***** RECORDS FOR THE TASK

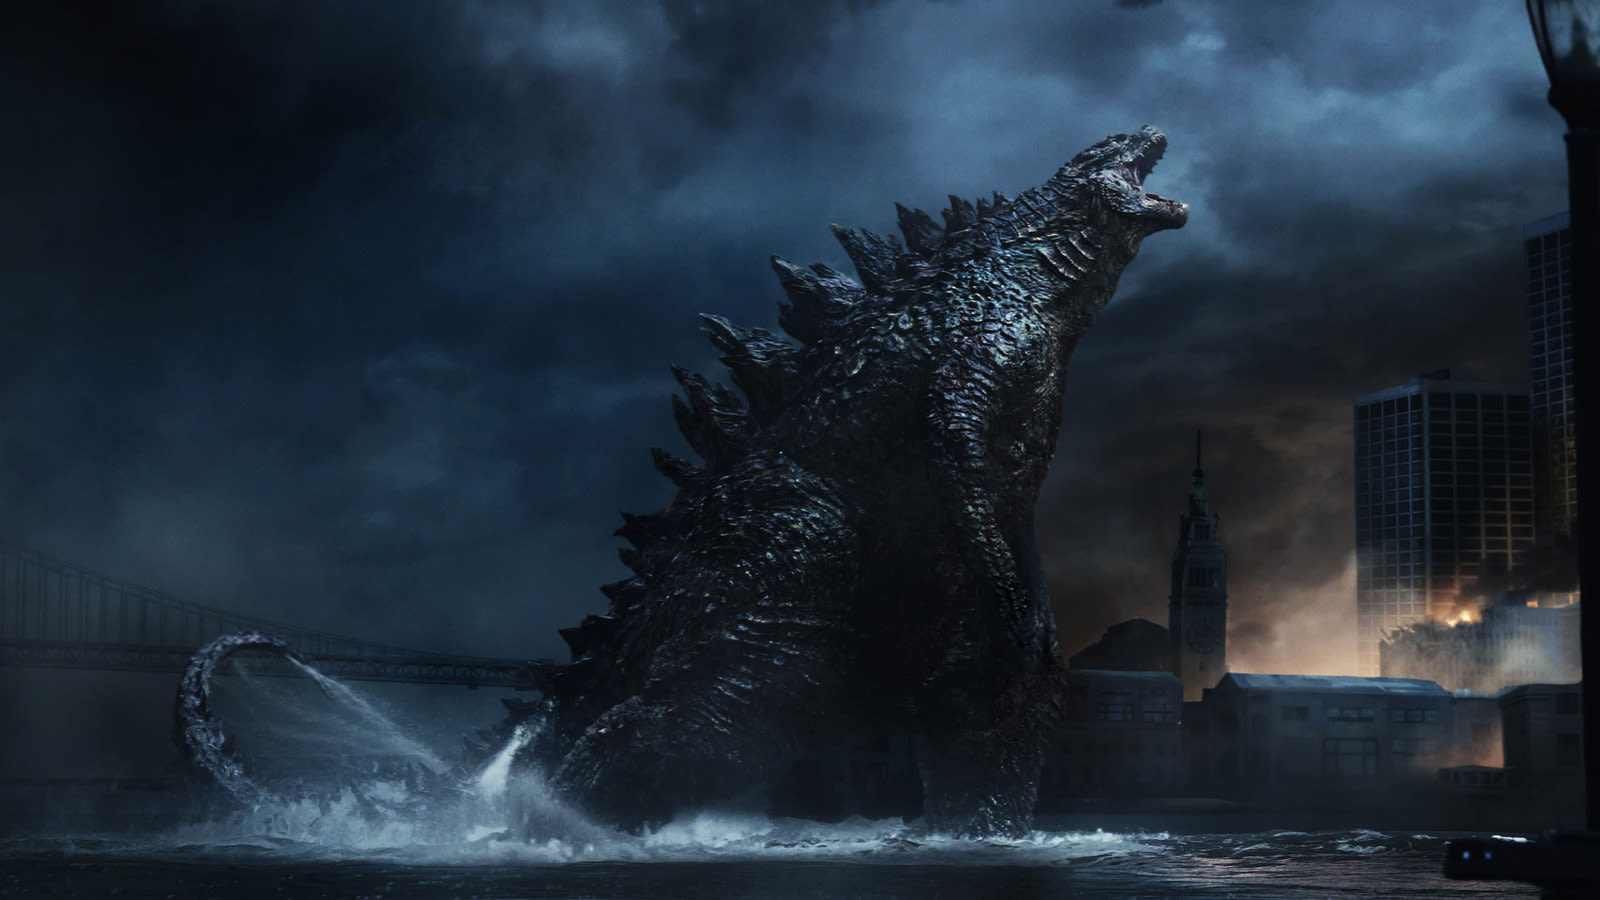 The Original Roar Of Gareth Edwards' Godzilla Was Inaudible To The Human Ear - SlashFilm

**********
***** RECORDS FOR THE TASK

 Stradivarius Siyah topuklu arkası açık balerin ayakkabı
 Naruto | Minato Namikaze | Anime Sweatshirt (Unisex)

**********
***** RECORDS FOR THE TASK

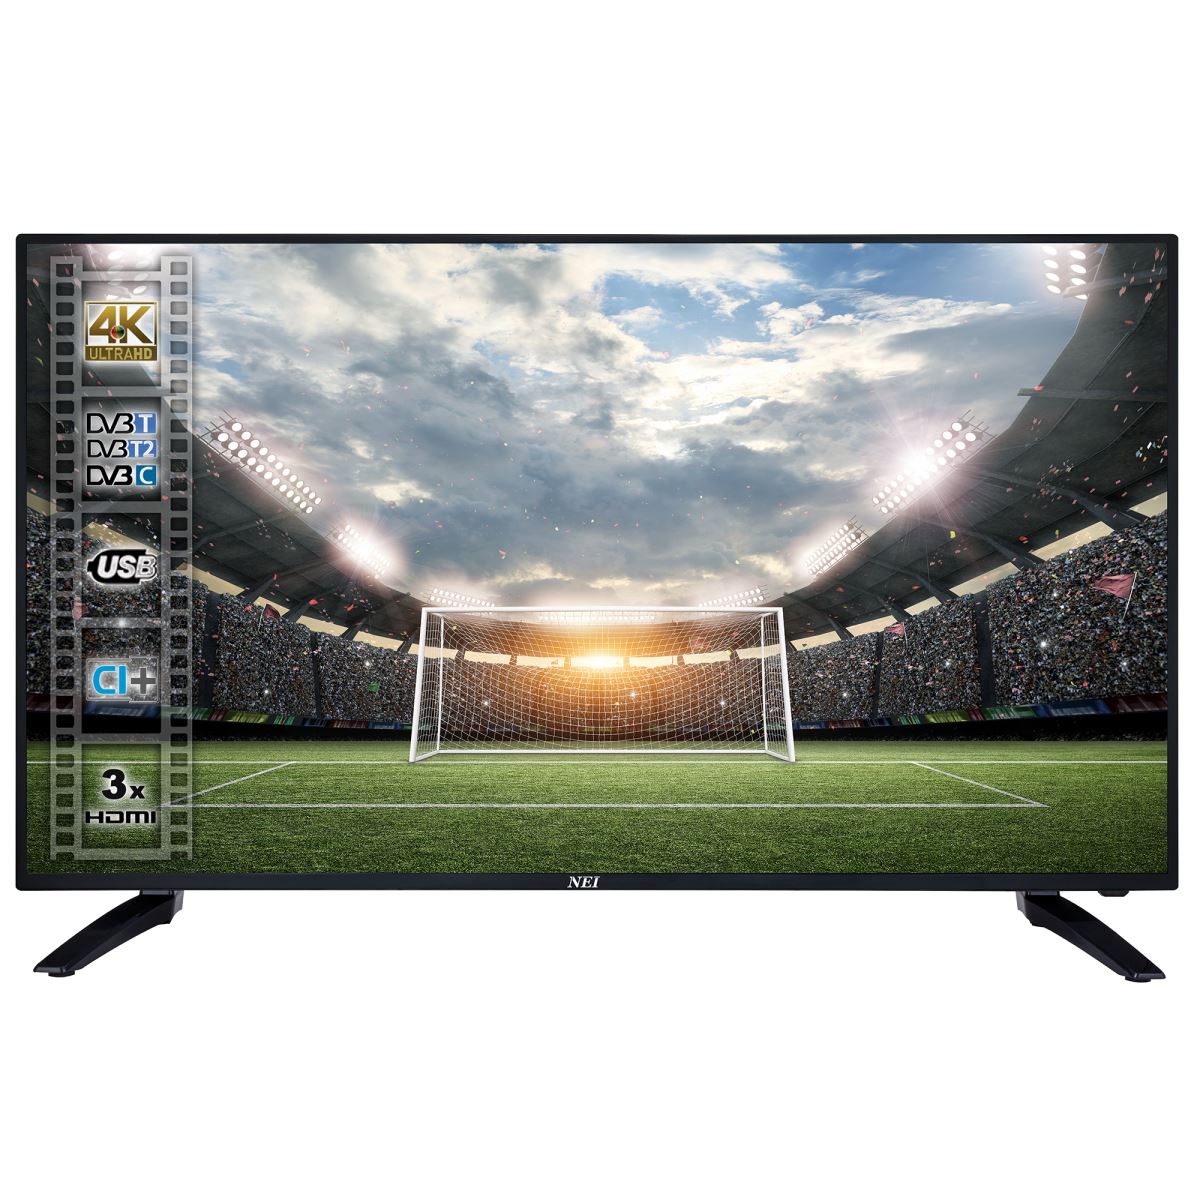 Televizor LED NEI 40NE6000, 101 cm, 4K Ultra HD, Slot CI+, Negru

**********

ASSIGNMENT:
Of all the entries above, output exactly the lines between the one holding "Stradivarius Siyah topuklu" and the one holding "Naruto | Minato", inclusive.

ANSWER TO THE PROBLEM:
 Stradivarius Siyah topuklu arkası açık balerin ayakkabı
 Naruto | Minato Namikaze | Anime Sweatshirt (Unisex)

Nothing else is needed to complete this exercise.